Sodalite-rich alteration assemblages in a Ningqiang CAI show clear excess of ³⁶S that linearly correlates with Cl/S ratios of the assemblages, providing direct evidence for the presence of short-lived ³⁶Cl in the early solar system. The best inferred (³⁶Cl/³⁵Cl)_o ratio of sodalite is 5 × 10^-6. Combined with the ²⁶Al-²⁶Mg systems of the individual minerals and petrographic settings of the CAI, the initial (³⁶Cl/³⁵Cl)_o ratio of the solar nebula is determined to be ≥1.6 × 10^-4.

The presence of ³⁶Cl in the sodalite-rich alteration assemblages of the Ningqiang CAI and the initial (³⁶Cl/³⁵Cl)_o ratio are consistent with a supernova source of short-lived radionuclides, whereas a low-mass asymptotic giant branch star source predicts a much lower (³⁶Cl/³⁵Cl)_o ratio. Although ³⁶Cl can be produced by local irradiation of the proto-sun, its volatile nature and occurrence in alteration assemblages of CAIs present a serious challenge for local irradiation models.

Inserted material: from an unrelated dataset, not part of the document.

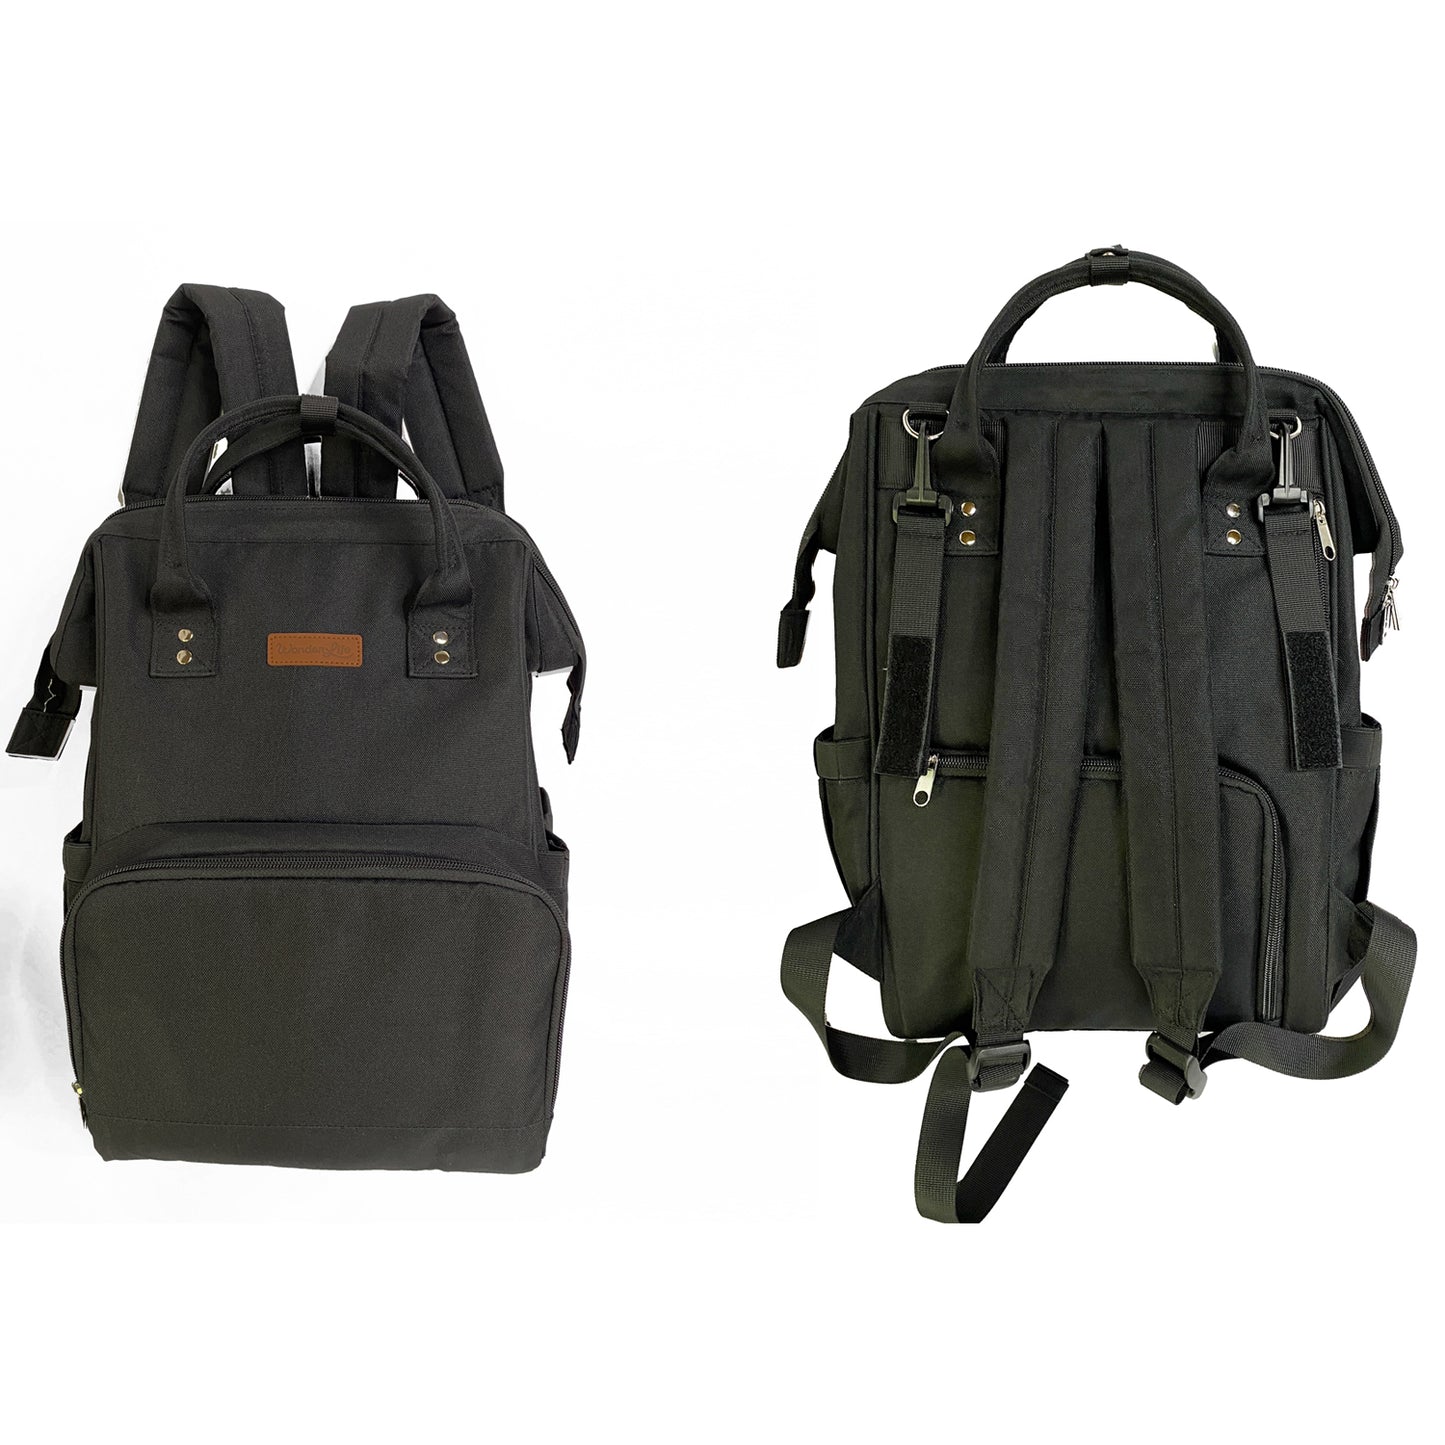 Wonderlife - Backpack Backpack
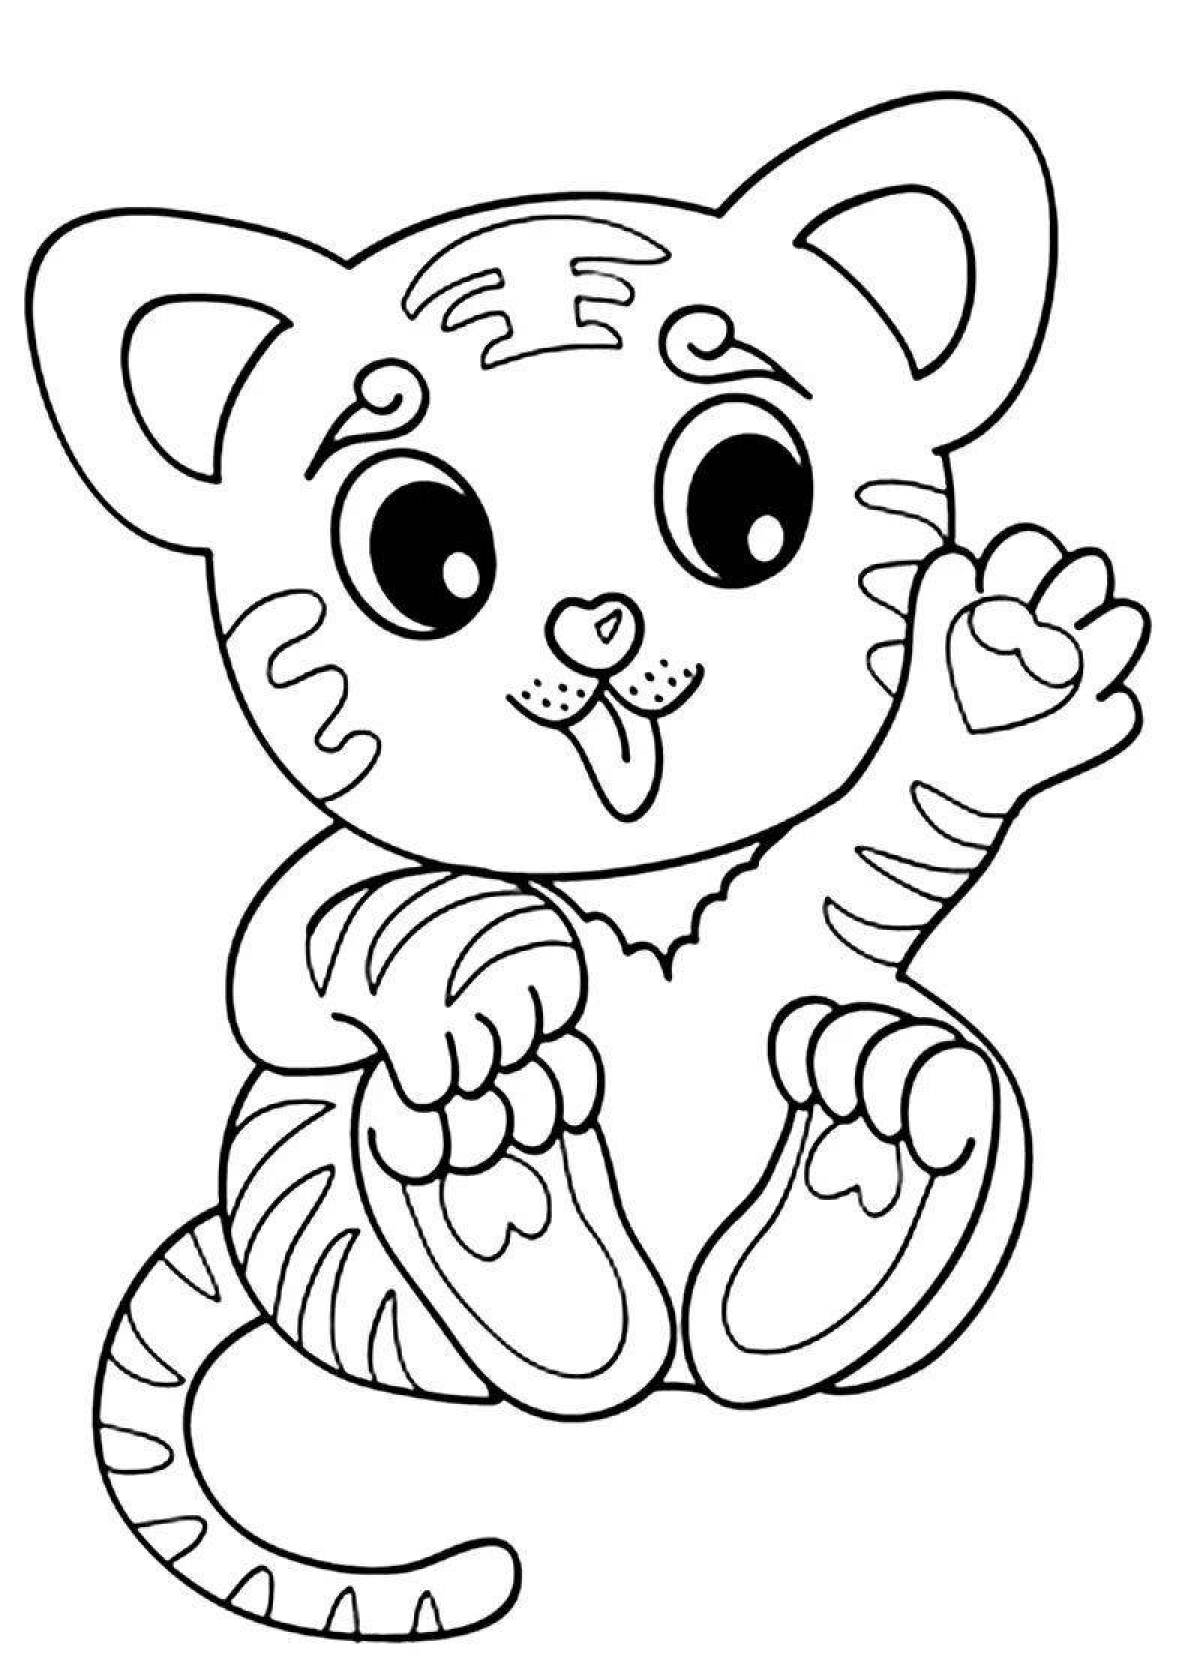 Tiger cub coloring page

Unlike other short-lived radionuclides (e.g., ²⁶Al and ⁴¹Ca), chlorine is closely associated with secondary alteration in CAIs, chondrules, and matrix. ³⁶Cl may serve as a unique fine-scale chronometer, especially for volatile-rock reactions in the nebula and/or on asteroidal bodies. The discovery of ³⁶Cl in sodalite favors a short time interval after formation of CAI primary minerals, consistent with a nebular origin of the alteration in the Ningqiang CAI.